The first episode of the second season is notable for a couple of reasons. It’s the first appearance of Ensign Chekov. He is a young man with a really bad Russian accent and a Beatles haircut which differed from the rest of the crew with a more military cut. The other distinction is that this episode features the first details of Vulcan. Mr. Spock is going through a Vulcan physiological syndrome that requires him to return to Vulcan to perform an ancient mating ritual or else die from the suppression of the metabolic process involved. The visible manifestations of this syndrome include clear irritability and tremors in his hands. When the always annoying Nurse Chapel brings him a bowl of Vulcan soup Spock scream at her and throws the bowl out of his cabin into the corridor. When the video screen on the desk in his cabin interrupts him he smashes it flat with his bare hand.
Kirk has been ordered to proceed in all haste to a diplomatic occasion on another planet but in order to save Spock from dying he disobeys his orders and brings Spock to Vulcan. When they arrive Kirk and McCoy agree to act as Spock’s entourage during the ceremony. There we meet the prospective bride, T’Pring. She’s decently good looking. We also meet the leader of Spock’s tribe, T’Pau. She on the other hand is an old battle axe. Now we find out that a Vulcan marriage has the potential to involve a battle to the death for the bride’s hand. And that’s what T’Pring demands. And as is her right she selects the challenger. But instead of selecting her real choice, a doofus named Stonn, she picks Kirk. Kirk is afraid that if he refuses that Stonn will kill the weakened Spock in the combat. So, he agrees to battle Spock, unaware, at first, that it is to the death. The first round involves a weapon that has a large semicircular razor on one side of a pole with a cudgel on the other side. Spock immediately slices through Kirk’s shirt and chest with it and Kirk barely manages to avoid death. In the next round the weapon is a combination bolo and garroting band. Before they get going McCoy gets permission to inject Kirk with a medicine that will allow Kirk to breath better in the low air pressure on Vulcan.

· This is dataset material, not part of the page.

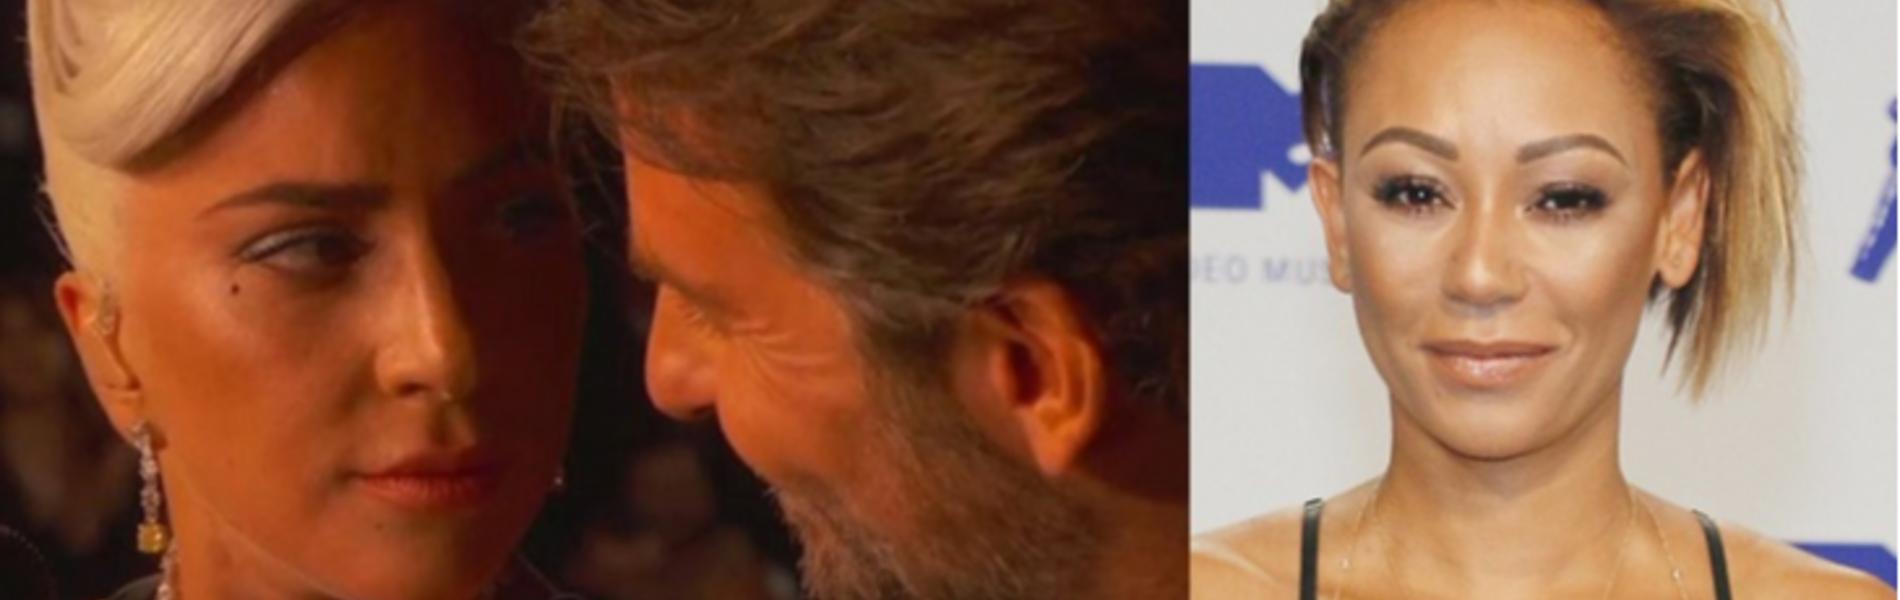 """מל בי עוקצת את ליידי גאגא: """"הפרת את הקוד הנשי"""""""

This time the contest does not go well and Spock chokes Kirk to death. McCoy returns to the ship with Kirk’s body. Spock questions T’Pring as to her motive in choosing Kirk. She explains that she was unwilling to be the wife of an absentee legendary husband and so she reasoned that if Kirk won, he would not want her and if Spock won, he would also reject her for her betrayal. Spock commends her on her logic and warns Stonn that winning T’Pring might not be as good a deal as he currently thinks it to be.
The payoff for the show comes as Spock takes his leave of T’Pau. They flash their Vulcan gang sign with the space between the third and fourth digits and Spock gives her the “live long and prosper” line. She repeats it to him but his comeback is, “I shall do neither, for I have killed my captain and my friend.” Upon meeting Dr. McCoy, Spock informs him that he intends to hand over his command to Scotty but behind Spock a visibly living James Kirk replies, “Don’t you think you better check with me first?” Spock in surprise and then delight breaks into a broad smile and grabs Kirk by the arms and exclaims “Captain! Jim!” McCoy explains that what he injected into Kirk was a drug that would temporarily simulate death. When McCoy questions Spock about his apparent emotional outburst on seeing Kirk alive Spock goes into a song and dance about how it was merely logical relief to see that he had not killed Kirk. McCoy says it is all very logical but as Kirk and Spock are leaving, he says in a loud voice, “in a pig’s eye.”
And as the final straightening out of the plot we hear that Starfleet Command retroactively agrees to a request from T’Pau to allow the Enterprise to stop over at Vulcan. Apparently, she is indeed a very heavy hitter in the galaxy. So, Kirk is off the hook.
Interestingly this episode was written by Theodore Sturgeon who was a very talented but erratic science fiction writer at the time. As a tv show it has a lot going for it. We get to watch Kirk and Spock dance around the uncomfortable dynamic of their friendship and Spock’s discomfort with addressing his Human/Vulcan emotional baggage. I especially enjoyed Spock screaming at Nurse Chapel. I’ve always despised the character and the chance to see her abused by Spock whom she obviously pines for was vey funny. What can I say, I’m a monster.
There is also an enormous amount of hokey ritual on Vulcan with gongs, bells on some kind of shaking rack that looks really stupid. There are funny weapons. T’Pau is carried around on a litter by two attendants. They’ve got all the funny words they use for the various parts of the ritual. There are the silly names T’Pring and T’Pau. It’s so much fun. And the friendship between Kirk and Spock is actually well done. When Spock answers T’Pau about his bleak future it hits just the right chord. The scene where Spock realizes that Kirk isn’t dead works to great effect with Kirk’s line coming off as very comical and effective. I give this episode a 9.
As for Shatner mockery points, what more could you ask for. There is the sliced shirt, the rolling around and the minor tumbling moves. Plus, Kirk gets to be strangled and play dead. It’s great. This is a 9 // 7.